Hi there, I'm wondering if anybody can shed some light into what is happening during the count table step with featureCounts. I am loosing more than half of my reads. My mapping statistics seem to be fine when I run STAR.

My library is 75bp paired end using the Nugen Ovation Universal kit. The RNA is from rat. I downloaded the NCBI genome and made the STAR index. Here is my command to run STAR:

STAR --runThreadN 12 \
--genomeDir <path to...>/genomes/rn6/ncbi/star \
--readFilesIn ${R1} ${R2} \
--outFileNamePrefix starMapped/${job_name} \
--outSAMtype BAM Unsorted \
--seedSearchStartLmax 40 \
--outFilterScoreMinOverLread 0.5 \
--outFilterMatchNminOverLread 0.5

My mapping rate is 84-89%. A representative Log.final.out:

 UNIQUE READS:
                        Uniquely mapped reads % |       85.59%
                          Average mapped length |       147.92
                       Number of splices: Total |       23011150
            Number of splices: Annotated (sjdb) |       19835290
                       Number of splices: GT/AG |       22429313
                       Number of splices: GC/AG |       180851
                       Number of splices: AT/AC |       22581
               Number of splices: Non-canonical |       378405
                      Mismatch rate per base, % |       0.28%
                         Deletion rate per base |       0.02%
                        Deletion average length |       1.98
                        Insertion rate per base |       0.01%
                       Insertion average length |       1.66
                             MULTI-MAPPING READS:
             % of reads mapped to multiple loci |       10.03%
             % of reads mapped to too many loci |       0.38%
                                  UNMAPPED READS:
       % of reads unmapped: too many mismatches |       0.00%
                 % of reads unmapped: too short |       3.55%
                     % of reads unmapped: other |       0.45%

Next, I run featureCounts using the following command:

featureCounts -T 12 -p -t exon -g gene_id -a <path to...>/NCBI/Annotation/Genes/genes.gtf -o combined_counts.txt *.bam

My output from featureCounts looks like:

Successfully assigned fragments : 41071240 (44.6%)

And this is representative of one sample in the summary file:

Assigned         41243743
Unassigned_Ambiguity    259701
Unassigned_MultiMapping 30155153
Unassigned_NoFeatures   20857145

My question is, why am I losing so many reads at the step of making the count table? Why are multi-mappers ~10% with STAR and then ~30% with featureCounts?

Thanks!

You are not showing a crucial information which would prove me right (or wrong): the number of input reads.
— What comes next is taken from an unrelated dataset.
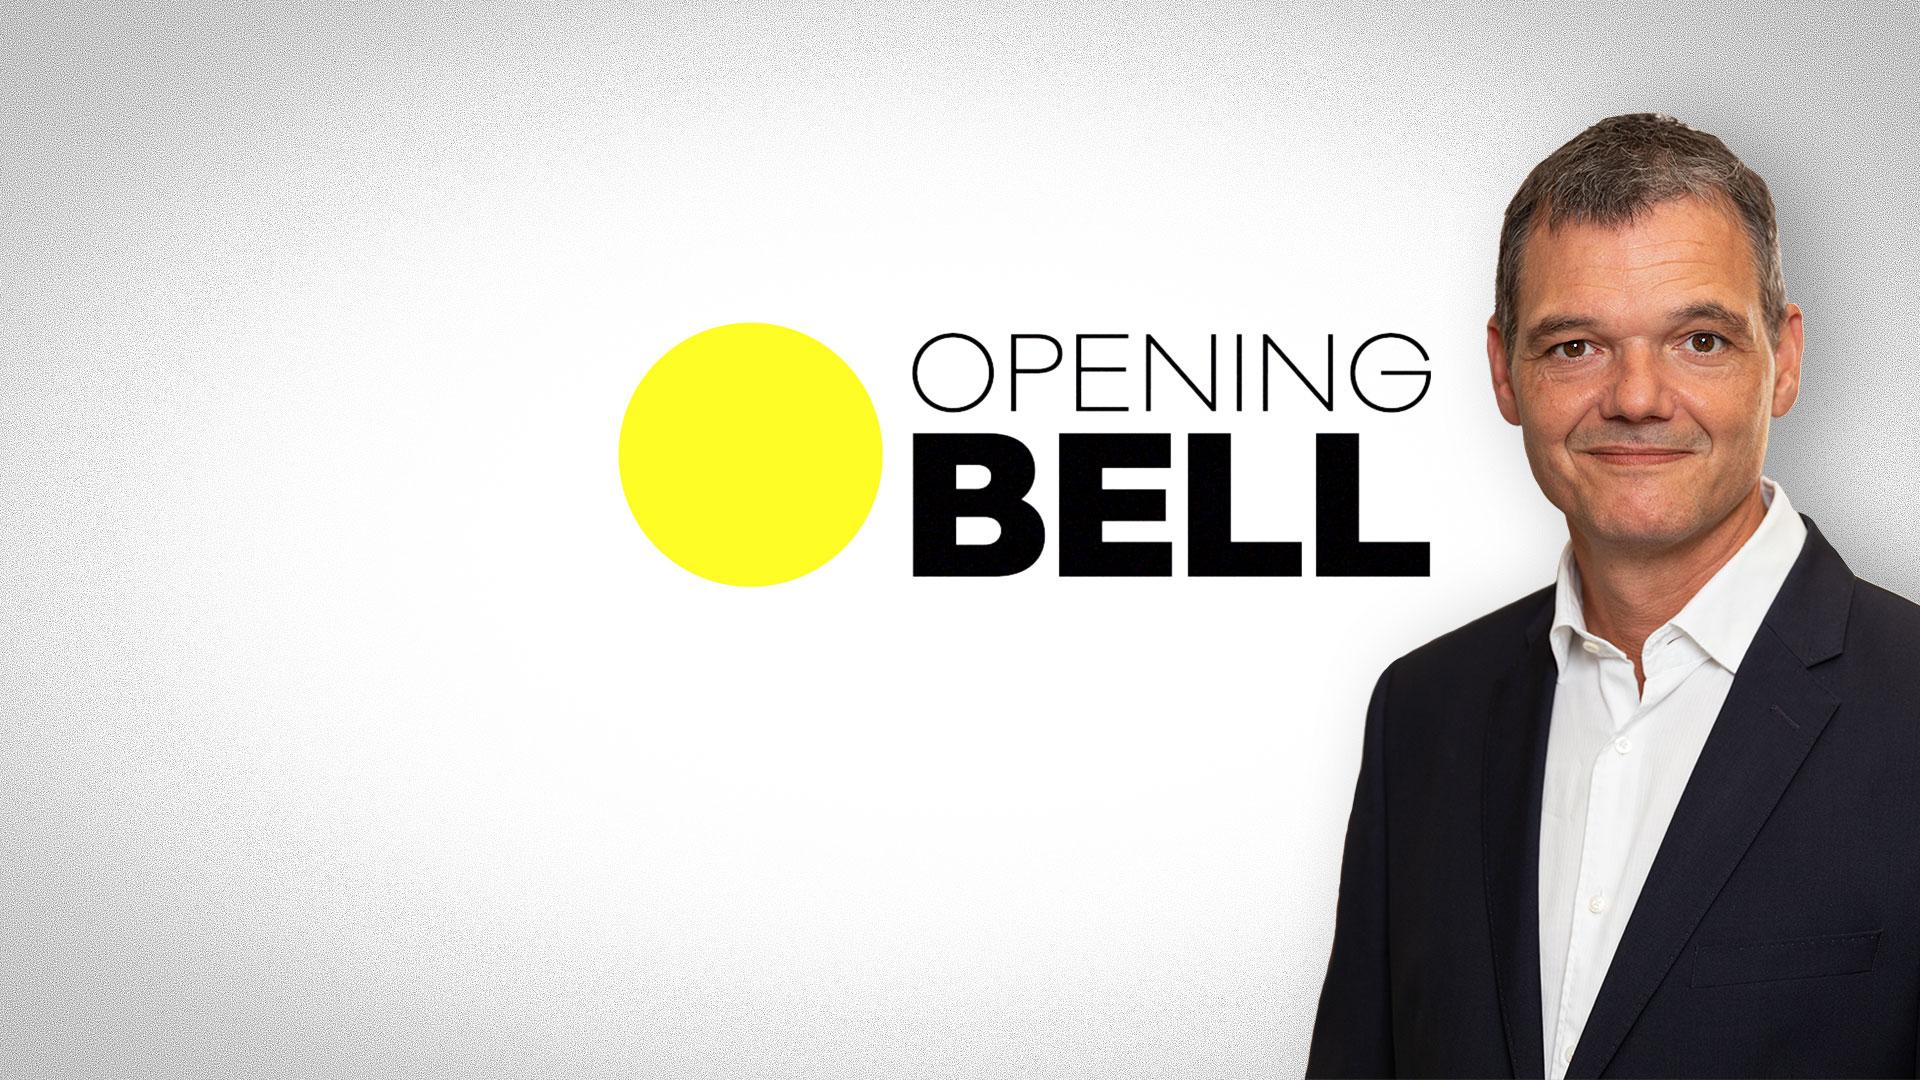 Opening Bell: Dow Jones vor dreistelligem Plus; Novavax, Gilead Sciences, Microsoft, Amazon, Facebook

But here is my guess:

The figure STAR is referring as "% of reads mapped to multiple loci" is in relation to the number of input reads. However, the number featureCounts refers as "Unassigned_MultiMapping" is in relation to number of mapped reads. If you have 10% of input reads that are multimappers, but each maps to 4 locations, based on featureCounts output you would think you have 30% multimappers.

P.S.: did you check if the Nugen Ovation you are using really results in an unstranded library? Because the featureCounts command you are issuing is considering your reads as belonging to an unstranded library.
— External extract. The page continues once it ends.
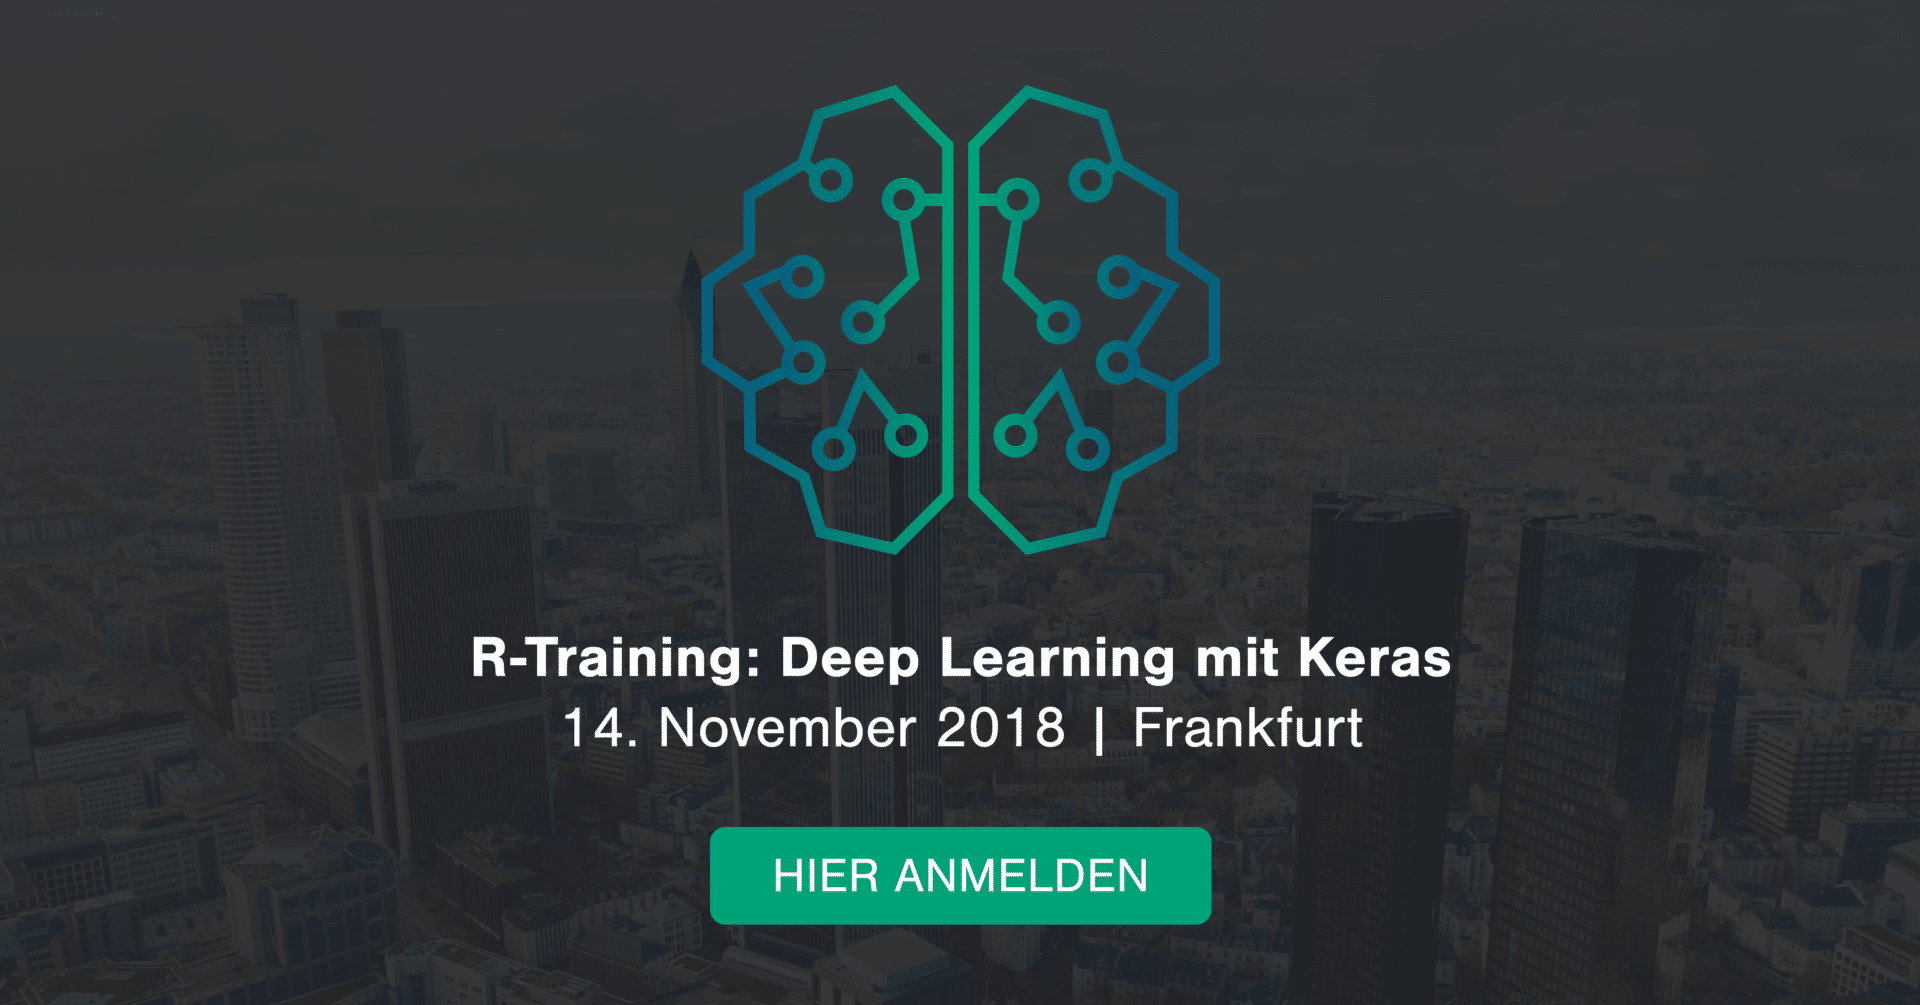 Open Workshop: Deep Learning in R and Keras, November 14th in Frankfurt

Ok, I think I understand what you're saying. I was so busy comparing percentages I didn't look at read counts.

So, for STAR I get:

                  Number of input reads |       73019489
                            UNIQUE READS:
           Uniquely mapped reads number |       62360589

For featureCounts my # of assigned reads is:

 Assigned         41243743

And the total input is: ~100k fragments, so yes, the huge drop in percentage makes sense now. But I still have a substantial drop in the number of unique fragments from STAR to featureCounts: 62,360,589 -> 41,243,743. What could explain that? Thanks,

PS: And yes, my library is unstranded. I played around with the options. Adding -s 1 drops the assigned read count to 1%.